Common Sense Media recently released their latest report regarding today’s media consumption and our youth.
Tweens and teens spend about 9-hours a day on media.
This includes a variety of media entertainment such as– music, television, tablets, computers and of course mobile devices.
According to Common Sense, here are a few key findings:
- Youth love media in all forms! Teens use an average of nine hours of entertainment media per day, and tweens use an average of six hours, not including time spent using media for school or homework. Of that, tweens average more than four and a half hours of screen media use a day and teens more than six and a half hours.
- The differences between how girls and boys view media vary. Teen boys average 56 minutes a day playing video games, compared to girls’ seven minutes; and teen girls spend 40 minutes more a day than boys on social media (1:32 vs. 52 minutes).
- Social media is in play, but not always fun. Social media is an integral part of most teens’ lives (45 percent use it “every day”), but only 36 percent say they enjoy using social media “a lot,” compared with 73 percent who enjoy listening to music and 45 percent who enjoy watching TV “a lot.”
What’s important to understand is no matter what form of media your child is interacting with, are you familiar with what it is?
Who or what is influencing them?
It may not be a video game that determines their employment future, but do you know if it is age appropriate for your child?
What music is your child listening to? Of course, it’s difficult to control all this, however with your offline discussions, ask them about the artists and music they like. Find out and learn more about who is influencing your child.
Interestingly is how the study relates to social media. It’s not always fun anymore. Why?
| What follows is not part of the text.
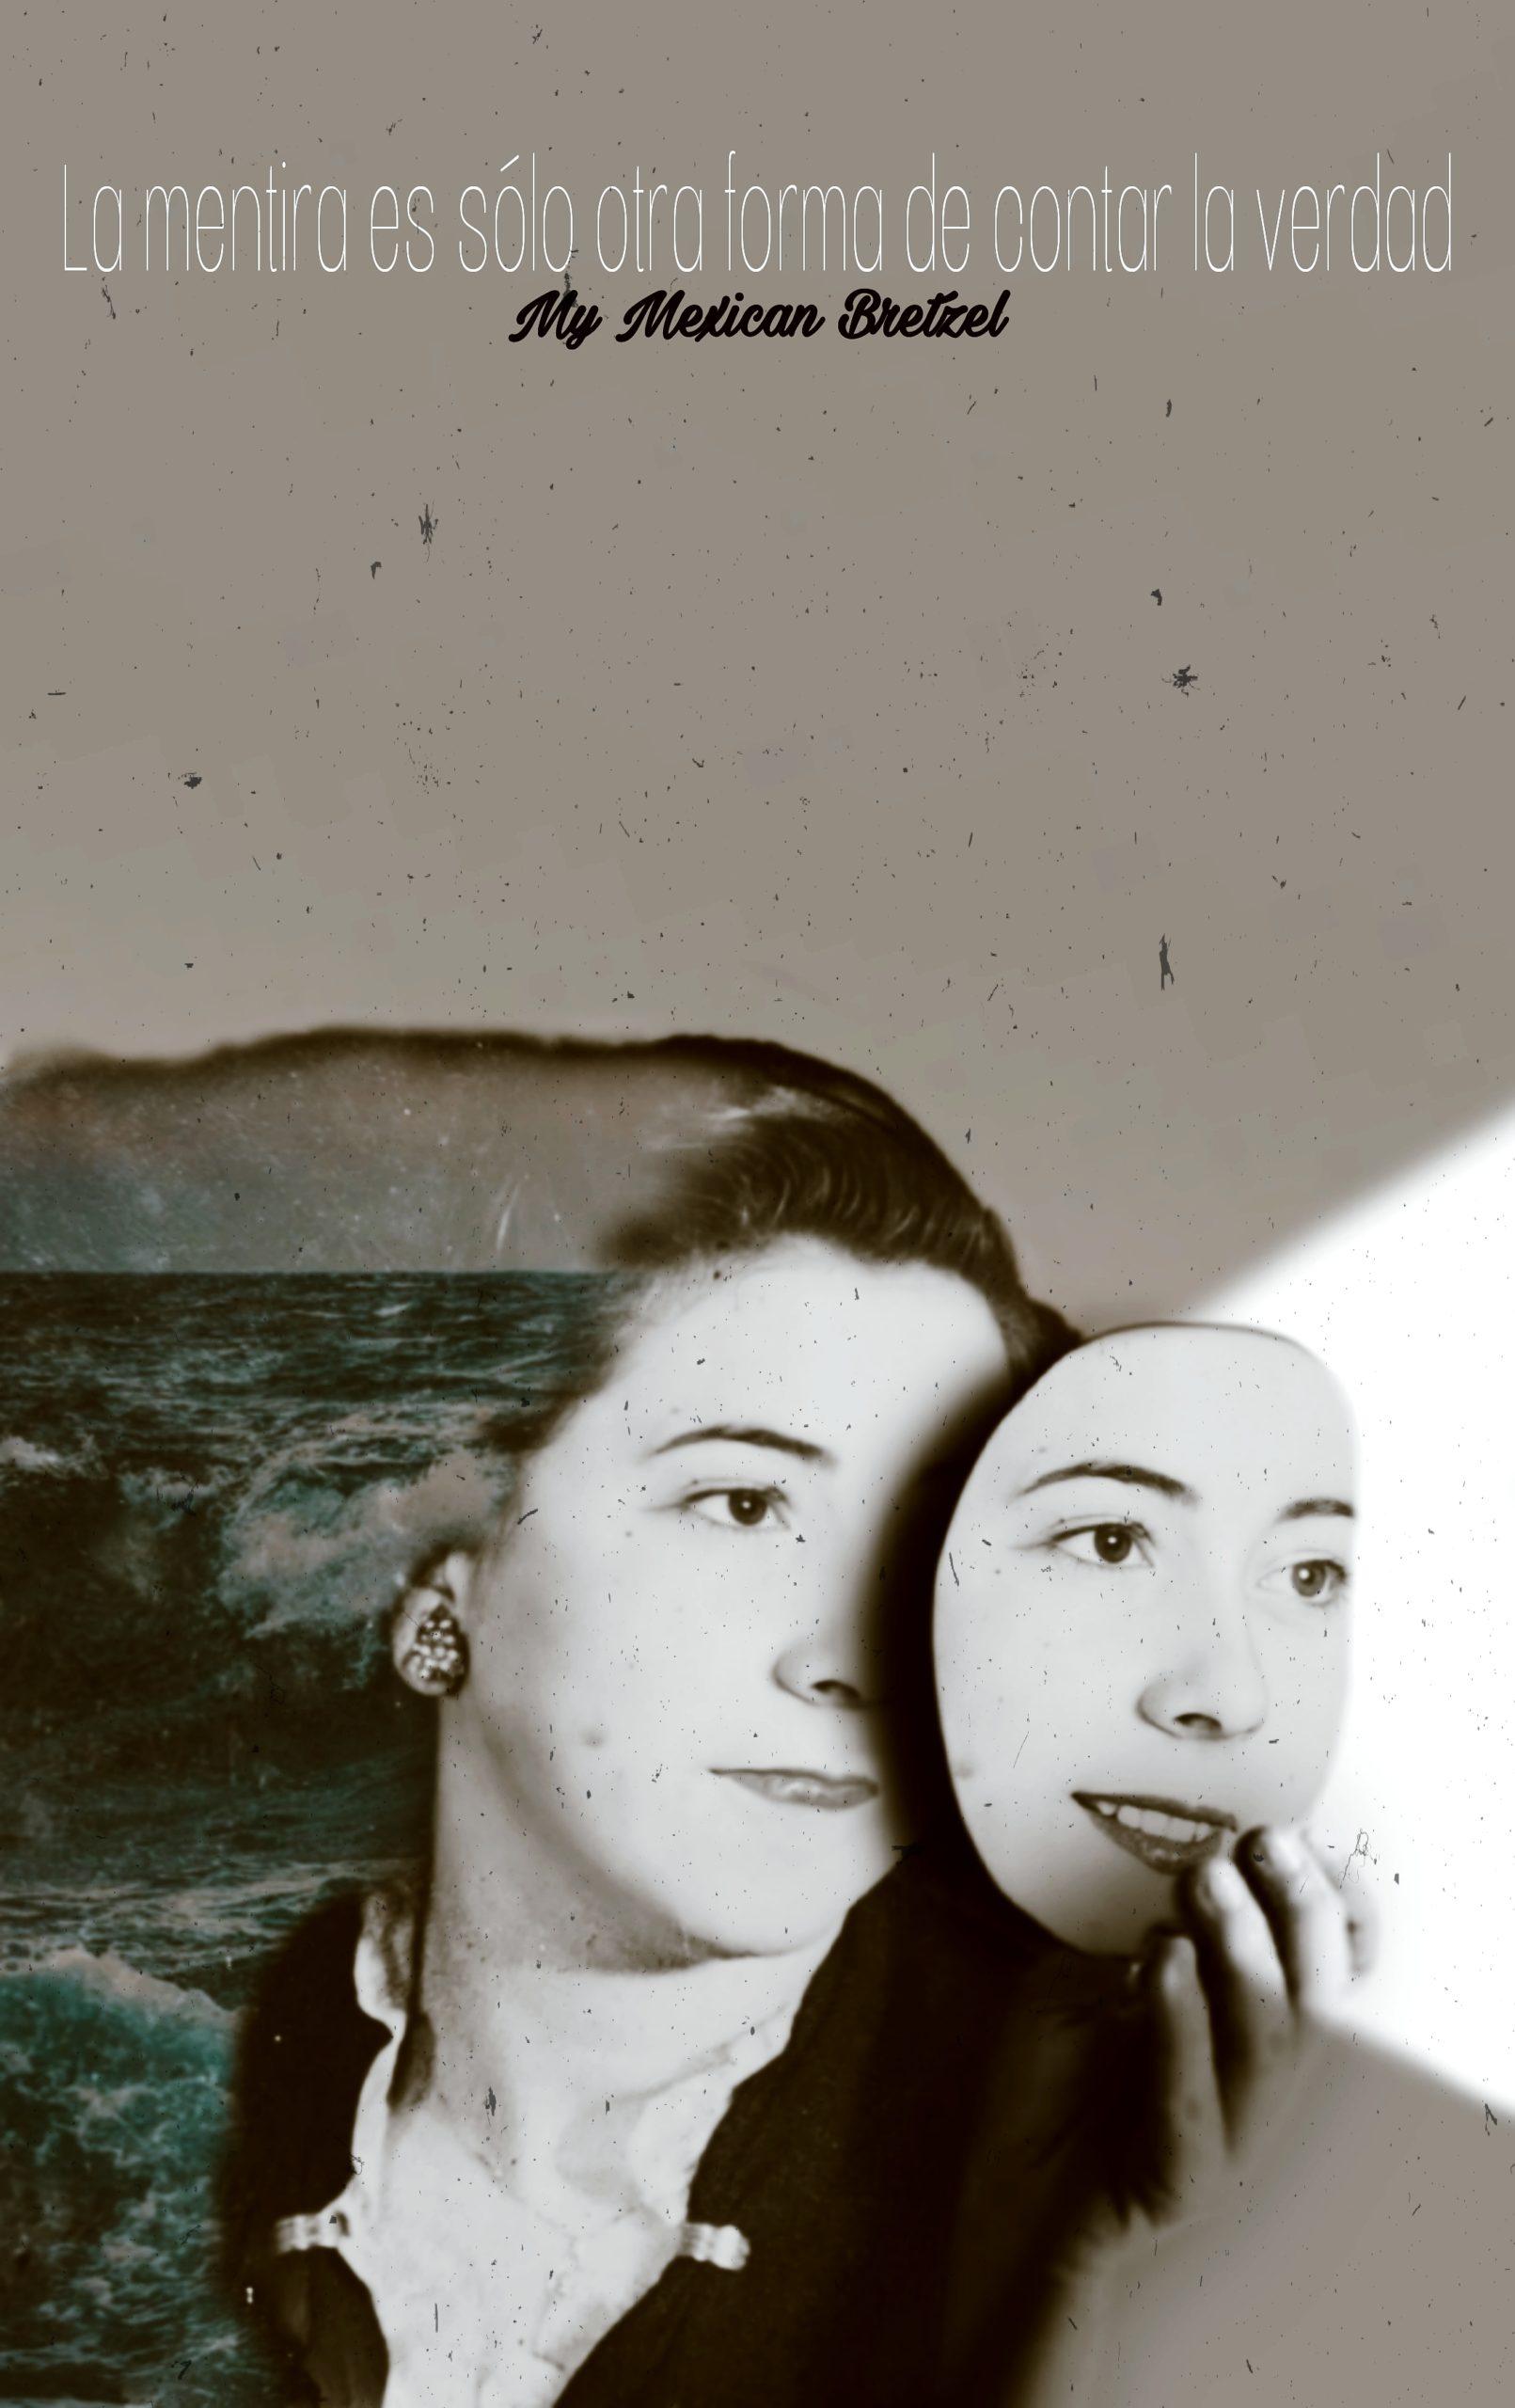 La máscara y el mar de los sentimientos, de Deva F Martino

For those that watched #Being13 The Secret Lives of Teenagers, you will see the stress of what some teens go through to be sure their pictures are perfect, or the struggles of online harassment, compounded with FOMO (fear of missing out).
Isn’t it time we find out who your child’s media and digital influences are?
It’s impossible to be with our kids all the time, but having frequent and consistent offline conversations about their media and digital lives will help them not only make better choices when you aren’t around, it also gives you an opportunity to learn more about their media lives.
Be an involved parent – you will have safer digital kids.